To your question, the part I personally found way more offensive than your original post was that you got LOTS of on topic feedback, yet chose to focus only on the snark with your followup posts. Even now. Members of this community collectively spent hours sharing advice with you, and you didn't even acknowledge that. So you asked a question in a bit of a (intentionally or unintentionally) rude fashion, got a bunch of on-topic answers as well as smacked around a bit, got pissed off for being smacked around, and insulted everybody. Not cool.

This leads to my big tip for new posters...

If you get useful responses to your question, please acknowledge the people that took the time to do so, then follow up to let us know if it helped.

Way too many times, people join this community, ask one or two questions, get good feedback, then leave. With a couple of exceptions, we never find out if that tip fixed the problem. We never know if you got that job. We never know if your store successfully opened. Kinda gets old after a while... We are a community, not a helpdesk.

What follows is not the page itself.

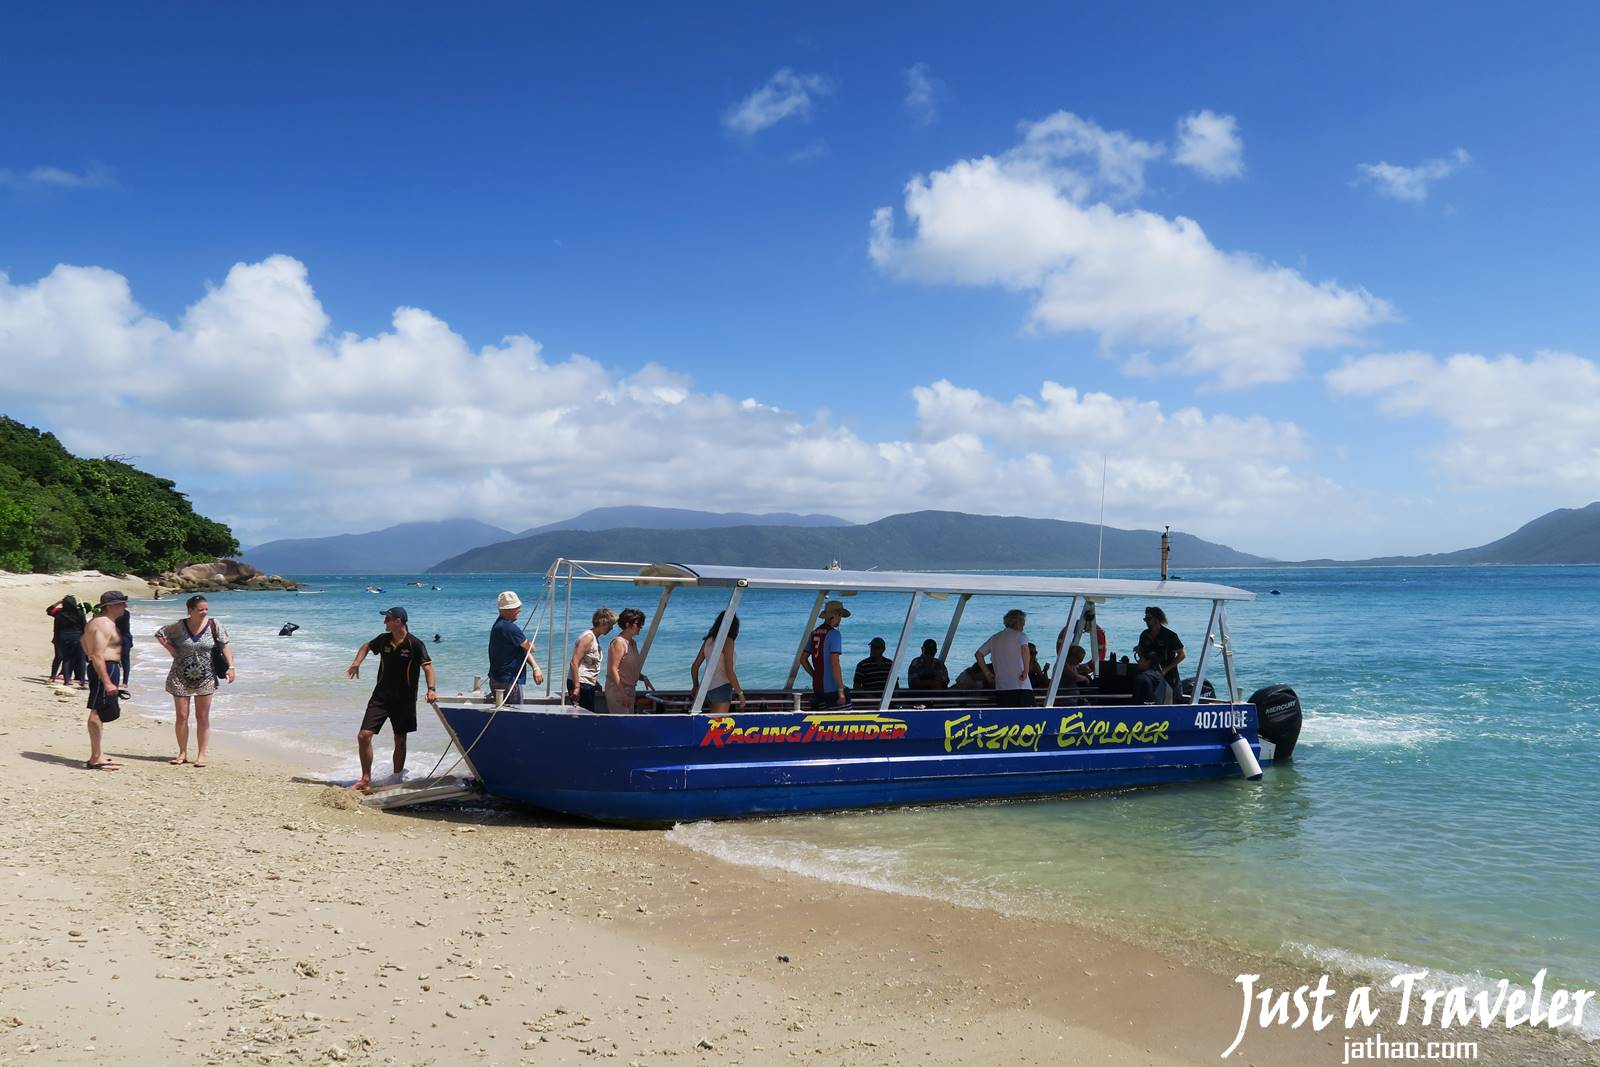 凱恩斯-大堡礁-綠島-翡翠島-內堡礁-交通-浮潛-潛水-景點-推薦-旅遊-自由行-澳洲-Carins-Great-Barrier-Reef-Green-Island-Fitzroy-Island-Snorkel-Diving-Travel-Australia

I hope this has been constructive, that was my intention.
Brady,
As you read by my topic here I did not mean to drag an old topic back up but get some ideas on how to stop wild fires before they start. We have a great bunch of professionals here and I want this forum to be here a long time. It has be invaluable to me and our business.
Joseph

Joseph Robertson said:
Brady,
Very good point. It's my hope through a discussion/discussions like this we can prevent "getting off on the wrong foot" and help people new to this forum understand the basic's of being very clear about our individual experience and what we would like to learn with our very clearly worded question/topic.
Joe

Brady said:
Not a bad thought, but...

I'm not sure it'll make much difference, since a poster would have to actually read these "posting etiquette" guidelines. Many of the principles are already covered in "Acceptable Use" policy, though I suppose we could add some tips if the community thought it would help.

I'm not sure it would have helped in the case of the discussion you are referring too. If you start a discussion off on the wrong foot and then get mad at people's reaction its pretty hard to recover.